The Blue Mosque stands on one of the most historically layered sites in the world. Before the mosque, the site was occupied by the Great Palace of Constantinople — the administrative and residential centre of the Byzantine Empire for nearly a thousand years. Before that, it bordered the Hippodrome of Constantinople, the chariot-racing circuit built by Roman Emperor Septimius Severus in 203 AD and expanded by Constantine the Great. When Sultan Ahmed I began construction in 1609, excavations uncovered ancient seats from the Hippodrome bleachers beneath what would become the mosque’s courtyard.

The Hippodrome — now the open square directly in front of the Blue Mosque, known as At Meydanı — was the epicentre of public life in Byzantine Constantinople for over a thousand years. It held up to 100,000 spectators at chariot races and was also the site of political celebrations, imperial processions, and, on one infamous occasion in 532 AD, the Nika Riots in which an estimated 30,000 people died following a chariot-racing dispute that escalated into a full revolt against Emperor Justinian.

The Great Palace — the sprawling complex of halls, churches, reception rooms, and gardens that served as the seat of Byzantine imperial power — occupied the land where the Blue Mosque now stands. By the time the Ottomans captured Constantinople in 1453, the palace was already in advanced decay.

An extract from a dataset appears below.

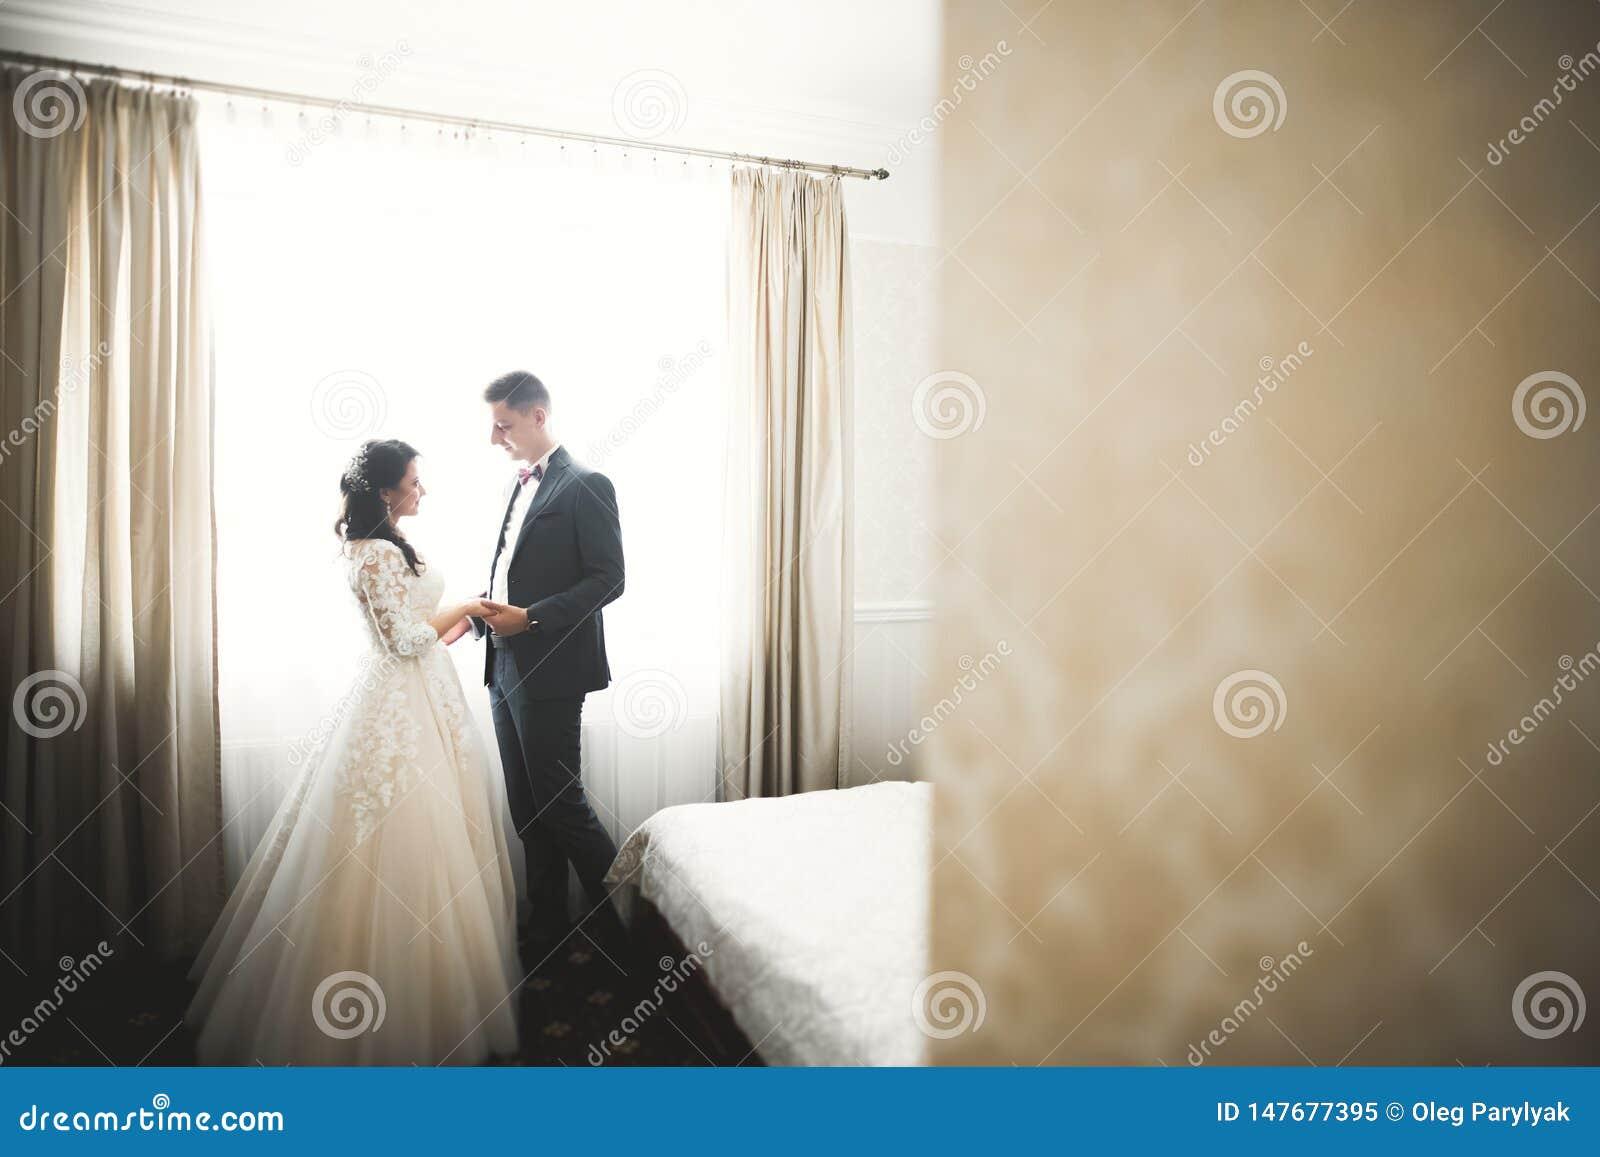 Reizende gl?ckliche Hochzeitspaare, Braut mit langem wei?em Kleid

The Ottomans built their new palace at Topkapi, and the old Byzantine palace site was occupied by various smaller structures over the following century and a half, until Ahmed I began demolishing them to clear ground for his mosque in 1609.

Sultan Ahmed I: The Man Who Built the Mosque

Sultan Ahmed I ascended to the Ottoman throne in 1603, at the age of 13. He reigned during a period of military strain: the Ottoman-Habsburg War (known as the Long Turkish War or the Fifteen Years’ War) had ended in 1606 with the Peace of Zsitvatorok — a treaty widely perceived as a humiliation, the first in Ottoman history in which the Habsburgs were treated as equals rather than as tributaries. Simultaneously, war with Safavid Persia was ongoing and financially draining.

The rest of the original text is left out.